Despite the divergence in bacterial community composition among nests during incubation, there were several common patterns suggesting a presence of some universal effects of incubation. Two out of 10 most abundant genera showed significant changes in abundance in almost all incubated nests: Pseudomonas decreased and Bacillus increased. Pseudomonas includes opportunistic human pathogens, such as P. aeruginosa [34] and P. oryzihabitans [35], [36] and a fish pathogen, P. plecoglossicida [37]. On the other hand, the majority of Bacillus are harmless [38] and some are reported to produce antibiotics (e.g. B. pumilus, B. brevis, B. subtilis, B. firmus, B. licheniformis, B. mycoides, and B. circulars; [39][41]). Some of the sequences that were obtained seemed to match those of antibiotic-producing Bacillus (B. sutilis, B. pumilus, and B. licheniformis). Thus, our results suggest that incubation causes a decrease of potentially pathogenic bacteria that is associated with an increase of non-pathogenic or antibiotic-producing bacteria.

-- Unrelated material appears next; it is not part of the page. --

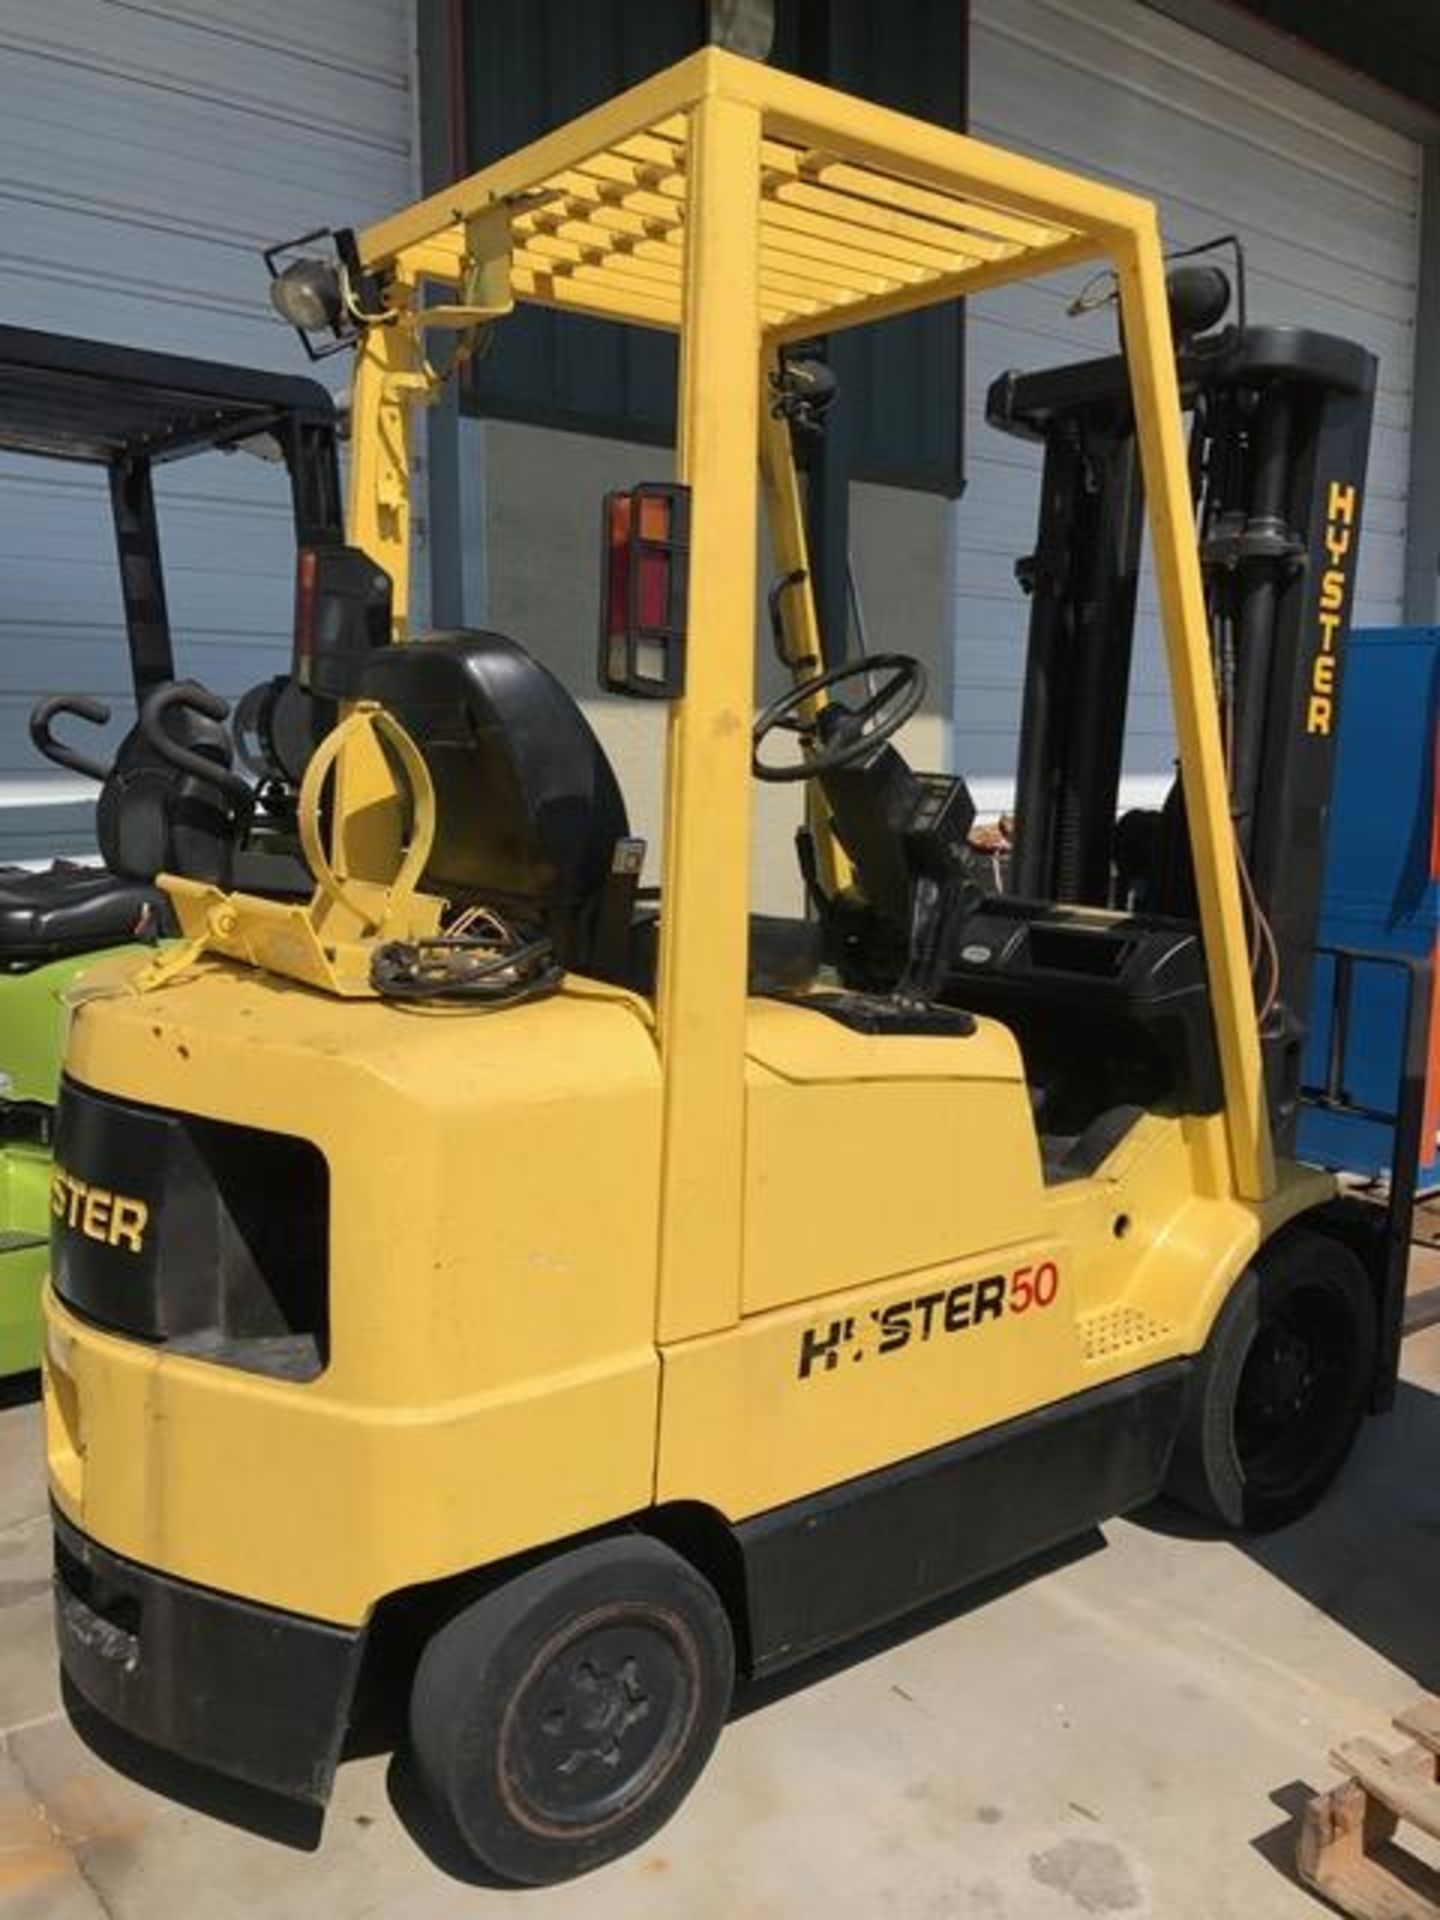 HYSTER LP GAS FORKLIFT MOD. S50XM, 2,900 LB LIFT CAP. 240" MAX HEIGHT - Image 3 of 7

The selective effect of incubation on the changes in the abundance of two specific genera (Bacillus and Pseudomonas), as well as the decrease in microbial diversity and increase in total microbial abundance, can result from three interacting mechanisms. First, the incubating bird may directly increase the presence and abundance of some antibiotic-producing (or bacteriocin-producing bacteria) by transferring them from bird's body or feathers to the eggshell, or by transferring the antibiotics produced by bacteria on feathers to the eggshell. For instance, if Bacillus spp., known to be present on bird feathers [42], [43], produced antibiotics that suppress other bacteria, including pathogenic ones such as Pseudomonas spp. [44], this could explain the compositional change in eggshell microbes that was observed in our study. The antibiotics produced by Bacillus [45] have already been proposed as a defense mechanism against pathogens in birds [46]. Hence, if the antibiotics from Bacillus negatively affected other microbes, both pathogenic and non-pathogenic, it could result in lower microbial diversity after incubation. The observed relationship between increase of total abundance and decrease of community diversity is consistent with the classical theory of species diversity [47] and with modern understanding of competitive interactions in microbial communities [48], [49] when some quickly growing species with higher competitive abilities (e.g. production of antibiotics) may eliminate other species leading to a decrease in community diversity. Total increase in abundance in this case may be hypothetically promoted by a removal of negative competition-mediated effects on population growth of the remaining species in the community. Similar mechanisms based on negative competition-mediated effects have already been documented in bacterial communities where high diversity and competition among diverse taxa lead to a collapse in total abundance [50].

We also detected Enterococcus spp., another bacteria that is known to produce bacteriocins and antibiotics and had been isolated from uropygial glands of hoopoes [51], [52], but they were found only in three naturally incubated nests and the relative abundance was very low (0.20%±0.18; mean ± SE). Thus it is unlikely that this genus could have played a major role in changes in bacterial composition on the eggshells.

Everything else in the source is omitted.